Like Humanae Vitae, Donum Vitae was prophetic. It anticipated not just an abstract theological problem but a concrete social reality: a technological system in which embryonic human beings are routinely created in excess, sorted, frozen, and destroyed. If Catholics view the Church’s foresight in 1968 as a sign of divine guidance, it is hard not to see a similar pattern in 1987.
Which brings us to this past week.
Instead of commemorating the anniversary of Donum Vitae with a renewed catechesis on the dignity of human life at its earliest stage, Catholics watched President Trump highlight IVF in his State of the Union address, touting a government program to make the procedure more accessible. As Reason Magazine put it, Trump’s choice to spotlight a woman undergoing IVF suggested that on this issue he is not inclined to yield to pro-life critics on his right.
There was already anxiety in Catholic circles over the participation of Trump and Vance in the March for Life, given the administration’s mixed record on protecting unborn life.
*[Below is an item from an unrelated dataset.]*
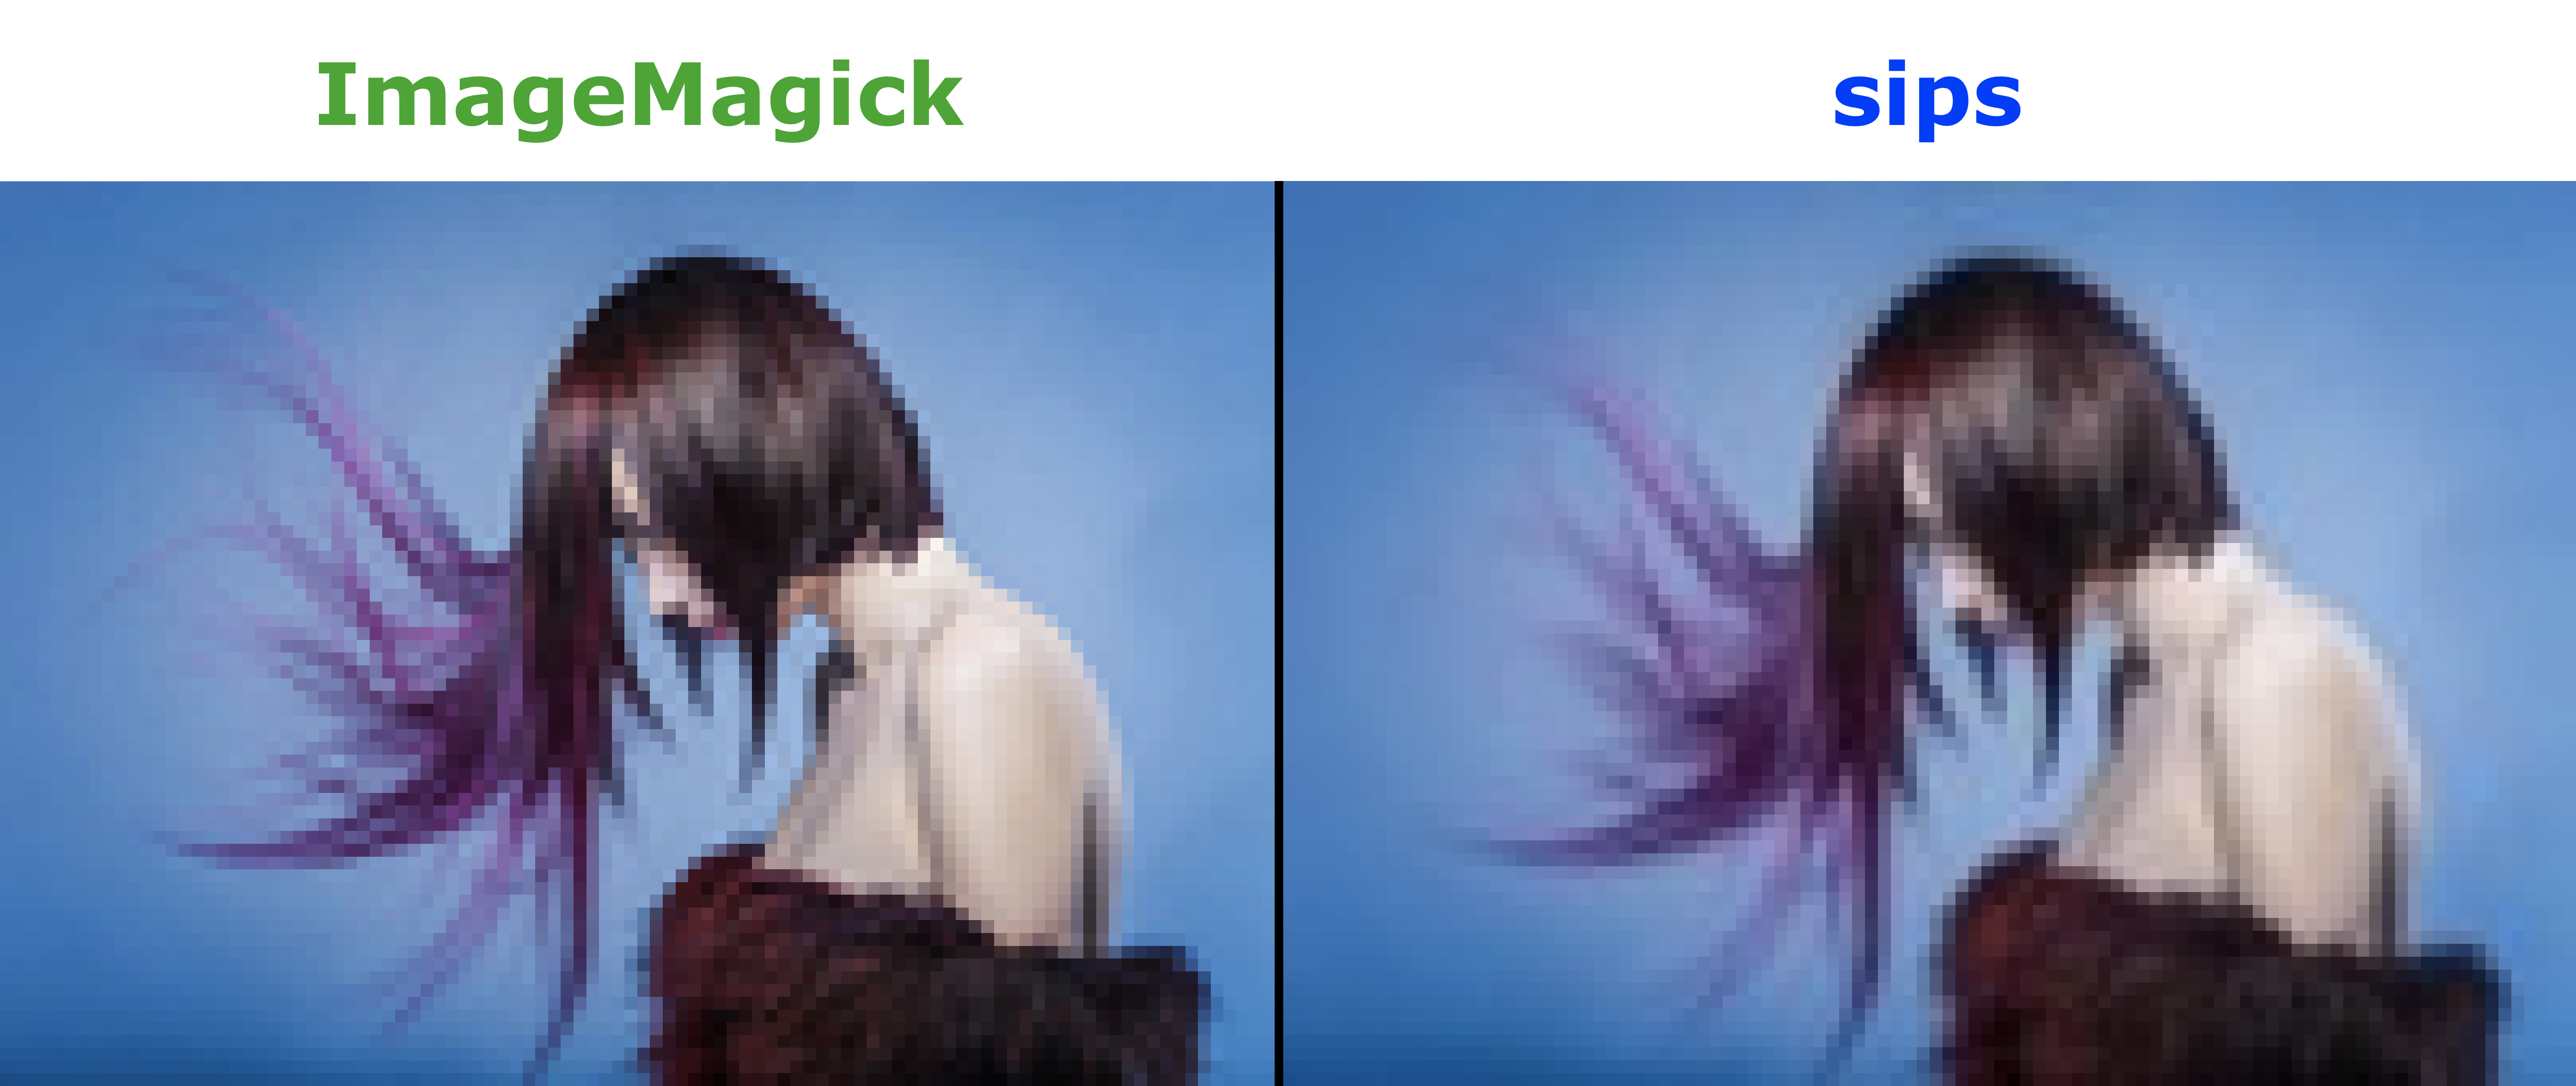 ImageMagick vs sips

I get it. But Reason’s framing was not wrong: IVF is politically popular. By wide margins, Americans support it. It is, in political terms, an 80/20 issue—and we are in the 20.
If Catholics want policymakers to reckon seriously with the fate of IVF-created embryos, the first task is not lobbying Congress. It is changing hearts and minds. The moral case has to be made patiently, pastorally, and repeatedly. People must first see that these embryos are not “excess tissue” but sons and daughters in their earliest stage of life.
That kind of cultural shift does not happen overnight. But it also does not happen at all without sustained effort.
It’s not too soon to start planning for Fertility Awareness Week 2027.